:: ENTRIES SUPPLIED ::
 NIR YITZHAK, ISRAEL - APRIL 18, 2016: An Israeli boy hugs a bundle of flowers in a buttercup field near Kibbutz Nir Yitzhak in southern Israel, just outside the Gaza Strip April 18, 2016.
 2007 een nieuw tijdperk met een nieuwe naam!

* * *

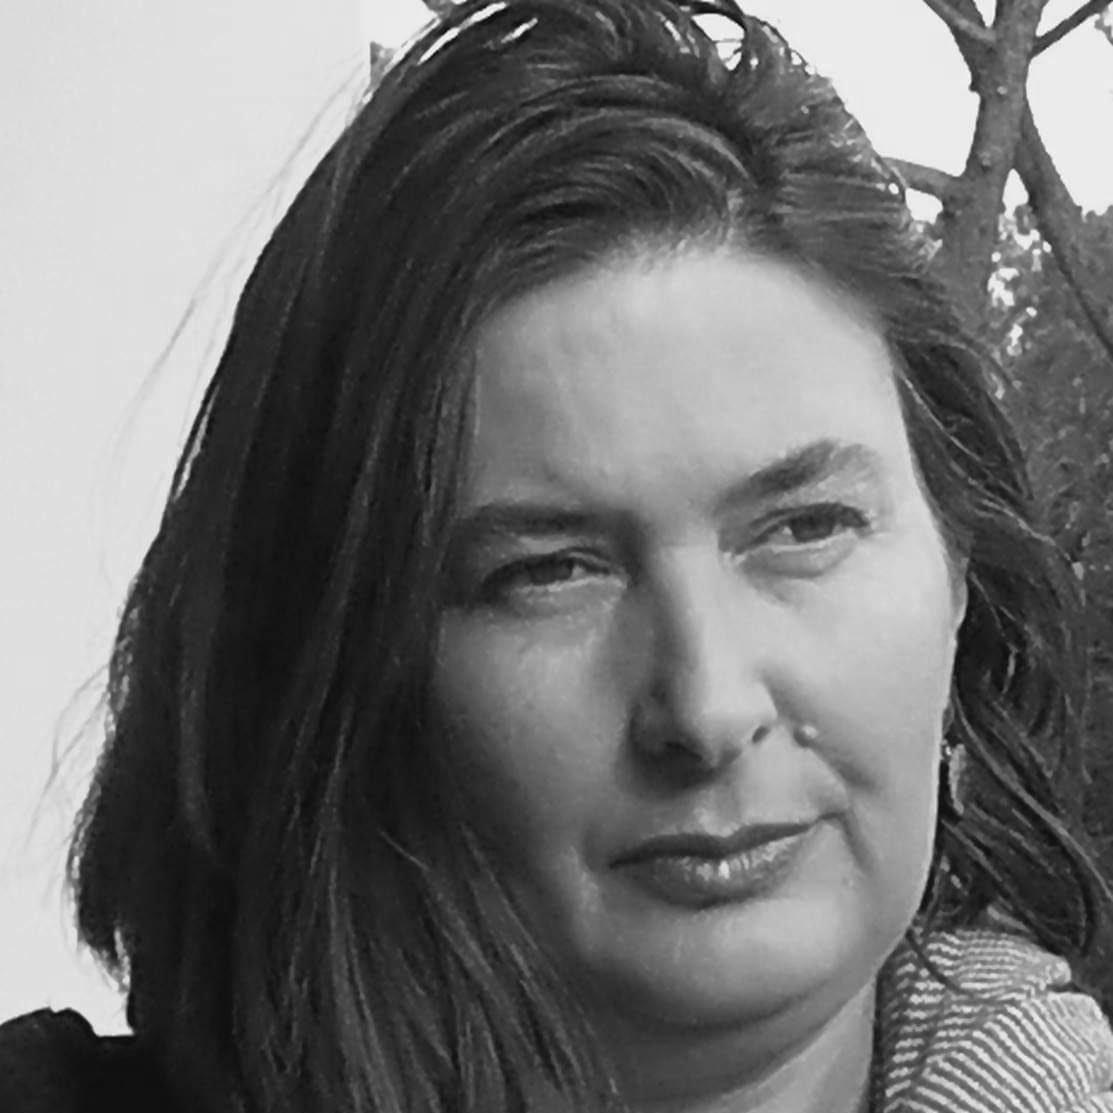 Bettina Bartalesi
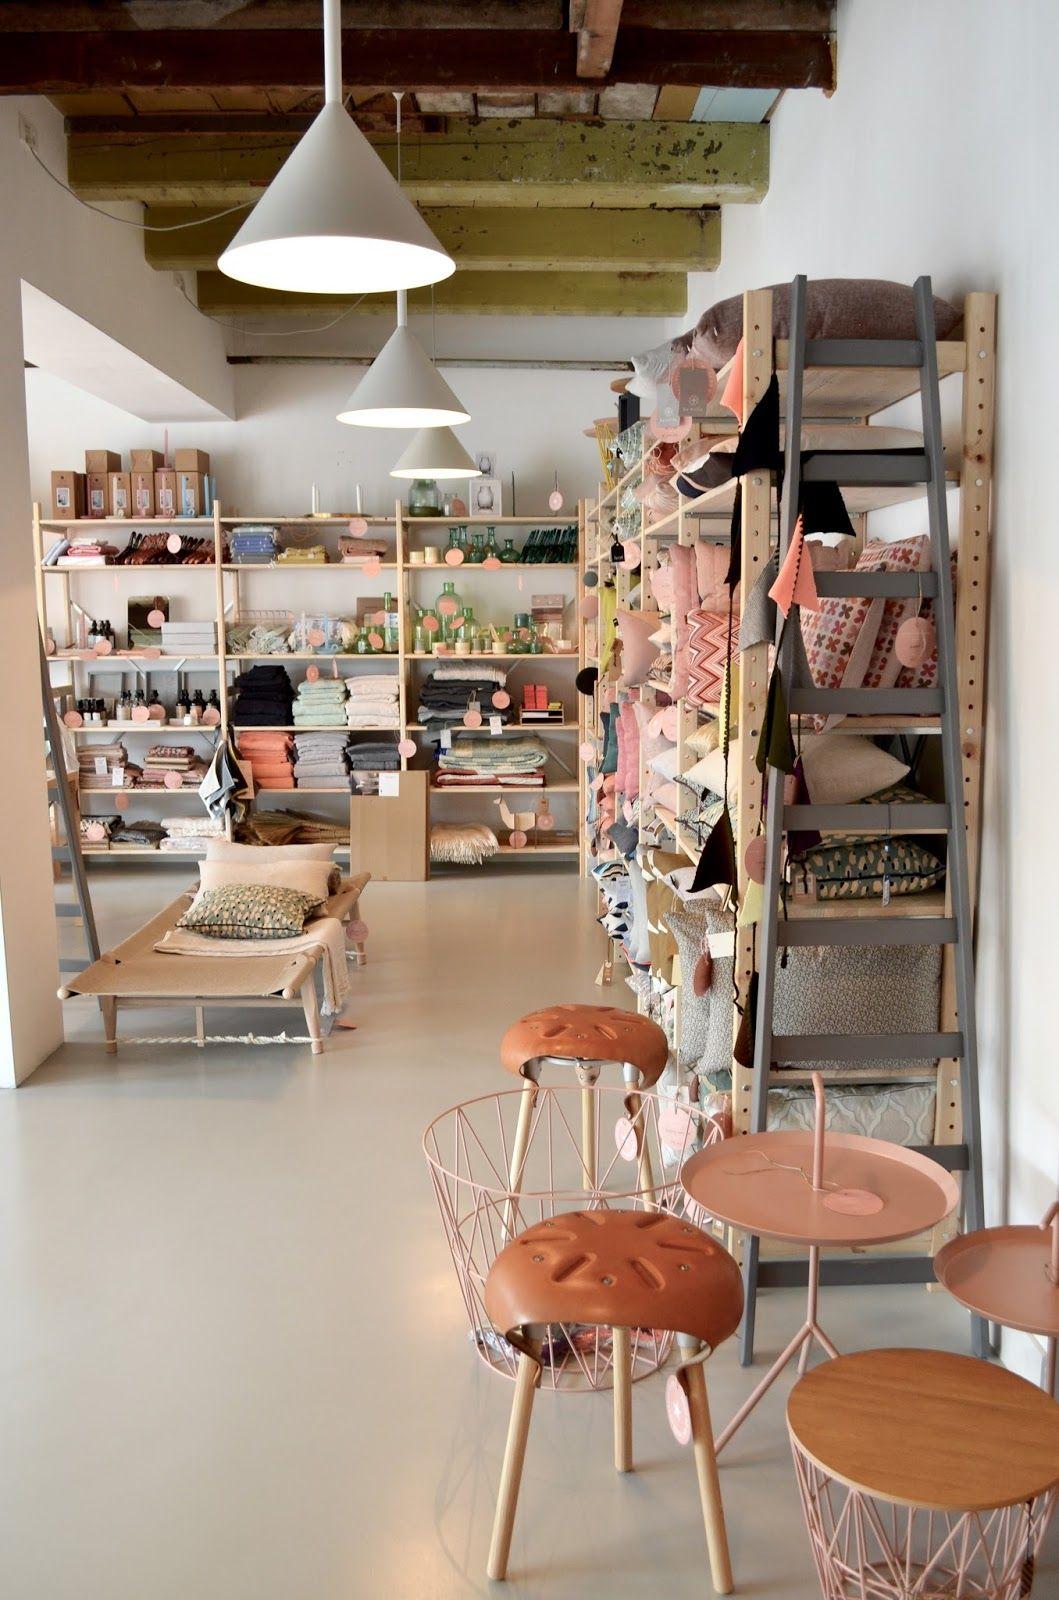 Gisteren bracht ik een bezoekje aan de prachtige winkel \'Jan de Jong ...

:: WORK TO BE COMPLETED ::
Write out exactly the lines above from the line with "NIR YITZHAK, ISRAEL" through the line with "2007 een nieuw tijdperk met een nieuwe naam!", both of them included, and leave out all other lines.

:: SOLUTION TO THIS EXERCISE ::
 NIR YITZHAK, ISRAEL - APRIL 18, 2016: An Israeli boy hugs a bundle of flowers in a buttercup field near Kibbutz Nir Yitzhak in southern Israel, just outside the Gaza Strip April 18, 2016.
 2007 een nieuw tijdperk met een nieuwe naam!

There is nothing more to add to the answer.